4.1 Support student participation
Identify strategies to support inclusive student participation and engagement in classroom activities.
4.2 Manage classroom activities
Demonstrate the capacity to organise classroom activities and provide clear directions.
4.3 Manage challenging behaviour
Demonstrate knowledge of practical approaches to manage challenging behaviour.
On a two-week preservice teacher placement at a low socioeconomic primary school, I was with a year 5 class of 19 students. This class had seven students diagnosed with ADHD, and three with an additional diagnosis of Autism. Many students were reluctant to engage in mathematics as they found it too hard, intimidating or lacked confidence. The school implemented a whole-school approach to behaviour with weekly SEL lessons using the Zones of Regulation framework to encourage students to be responsible for their emotions and actions, and a PBL framework that supported students to engage in activities through intrinsic motivation and whole-school support. I taught a series of mathematics lessons focusing on recognising and representing fractions as diagrams and on number lines.
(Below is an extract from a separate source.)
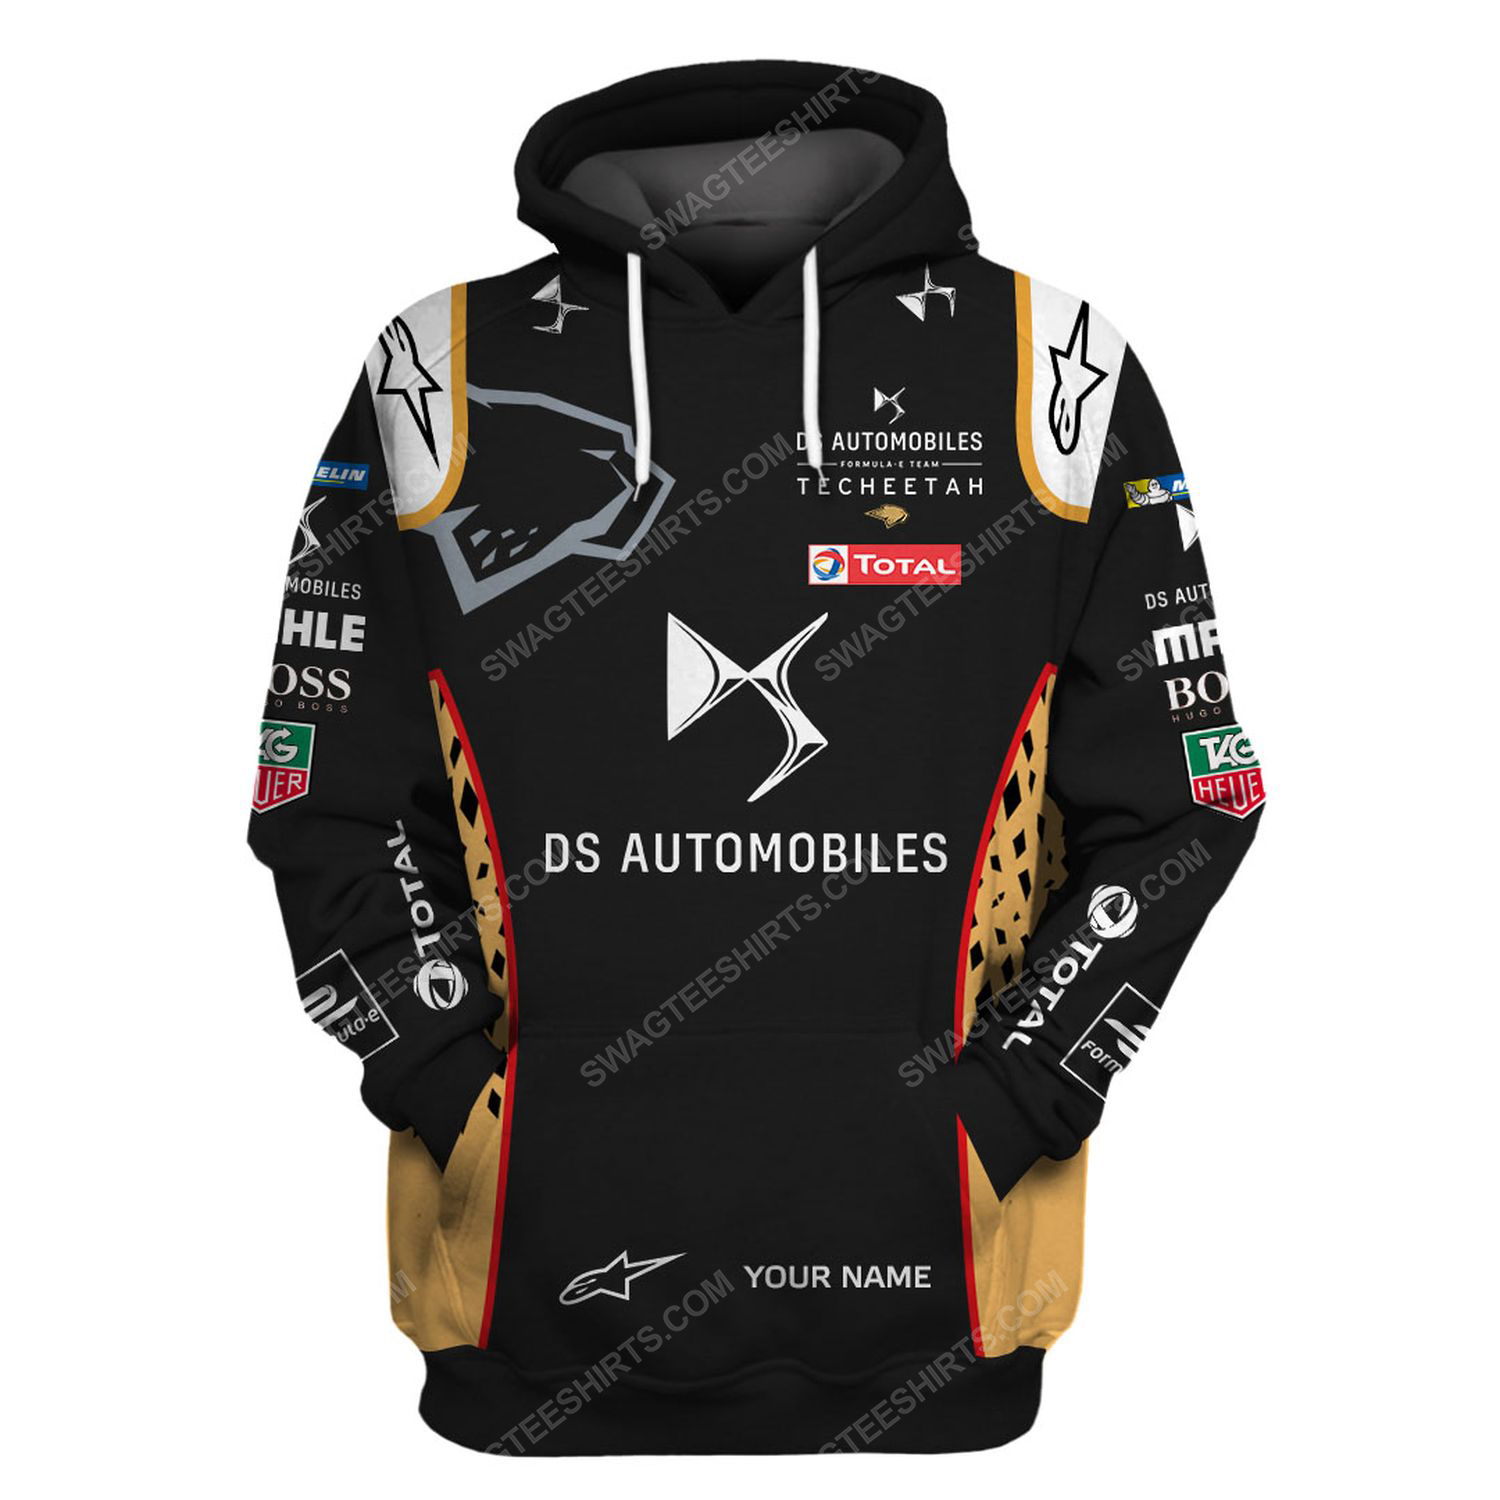 Custom ds automobiles racing team motorsport full printing hoodie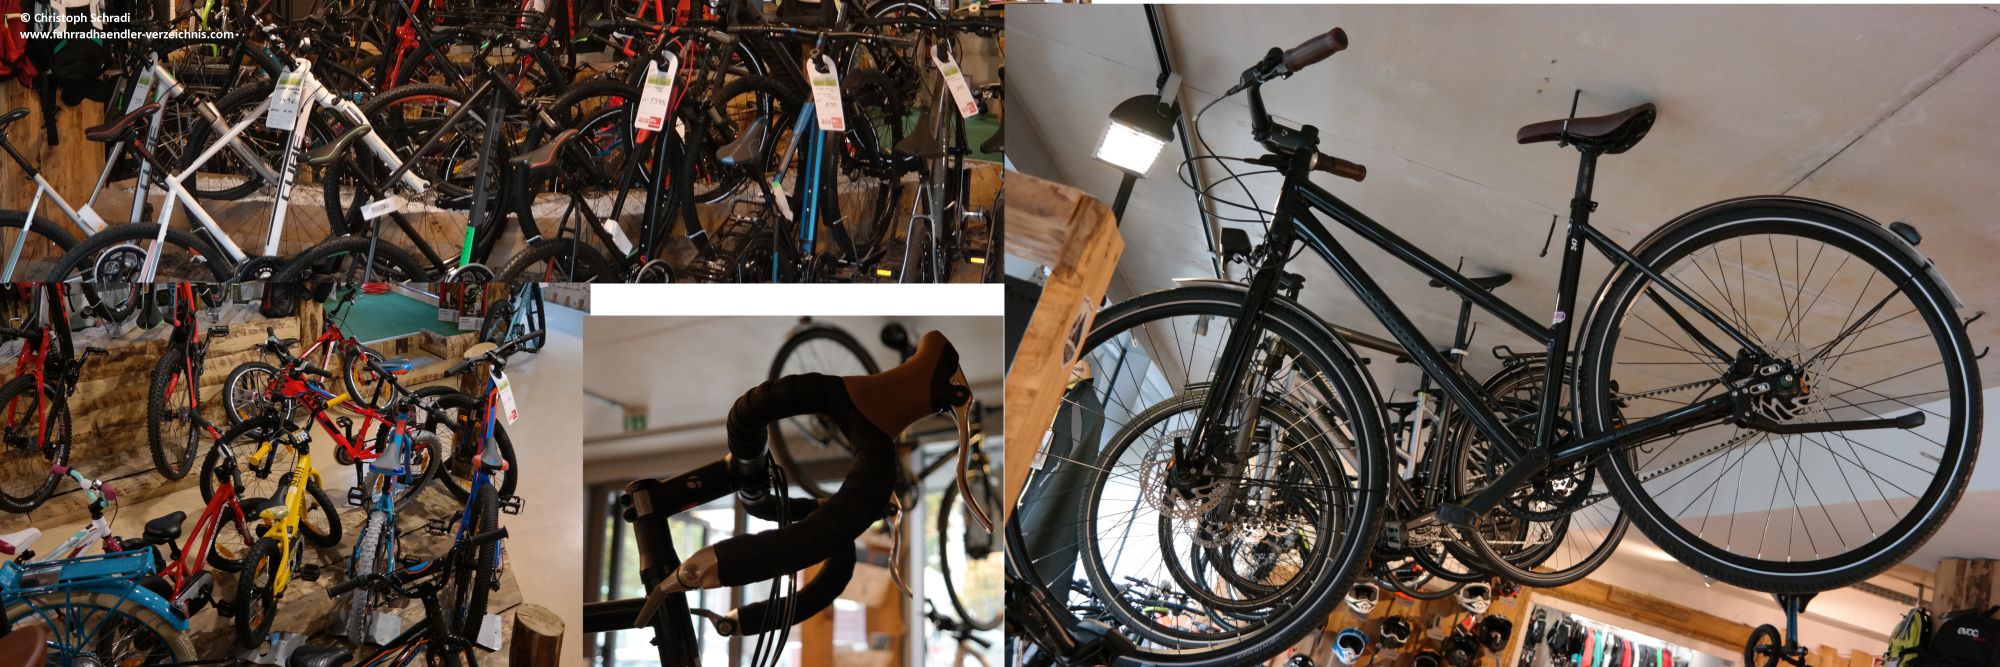 Der Stuttgarter Fahrradladen Bikes n Boards bietet neben Mountainbikes auch fast jede andere Fahrradgattung an

I chose to teach explicitly with a whole class, GRR method as that was familiar to the students. I used PowerPoint for clear visuals to engage students and help them make concept connections using visual representation (4.1) (Larkin, 2016). My slides always began with clear classroom expectations as a reminder to students and to encourage me to hold boundaries and follow through with consequences (Artefact 6) (4.2 and 4.3). The use of the IWB also allowed me to establish a position in the classroom to easily see who was tracking me and give frequent praise to reinforce positive behaviour (Marzano, 2003) (4.2). I regularly used SHELL as an attention grabber throughout the lesson when students required redirection (Lemov, 2010) (4.1, 4.2 and 4.3). Learning intentions, success criteria, and fist-to-five were always displayed at the beginning of the lesson and reflected upon throughout and upon conclusion to ensure learning was on track and gauge student understanding (Lemov, 2010) (4.1, 4.2 and 4.3) (Artefact 6). Regular check-ins held students accountable for their learning and ensured they were engaged, participating, and supported which managed behaviour as students felt safe and supported working in the zone of proximal development (Artefact 7) (Stronge, 2018). This informal formative assessment enabled learning to be differentiated as some students were assigned more or less difficult problems to provide an appropriate level of challenge to all students (William, 2011). When there were instances of students not engaging in the work, I considered the cause or the function behind the behaviour by asking myself if the student was trying to access or avoid attention, a tangible object, or a sensory need (Crone et al., 2015) (4.1, 4.2 and 4.3). This ensured that I was not taking the behaviour personally, and I was calm and able to help the student overcome their challenge. Sometimes this meant the work was too difficult and they needed support, or they needed a movement break or calm down time to self-regulate.
The result of these classroom and behaviour management strategies ensured a calm and positive learning environment for all students to successfully engage and participate in learning.
References:
Crone, D., Hawken, L., & Horner, R. (2015). Building positive behaviour support systems in schools: functional behavioural assessment (2nd ed.). Guilford Press.
Larkin, K. (2016). Mathematics education and manipulatives: which, when, how. Australian Primary Mathematics, 21(1), 12-17.
Lemov, D. (2010). Teach like a champion: 49 techniques that put students on the path to college (1st ed.). Jossey-Bass.
Marzano, R. (2003). What works in schools: translating research into action. Association for Supervision & Curriculum Development.
Stronge, J. (2018). Qualities of effective teachers (3rd ed.). Association for Supervision & Curriculum Development.
William, D. (2011). Embedded formative assessment. Solution Tree Press.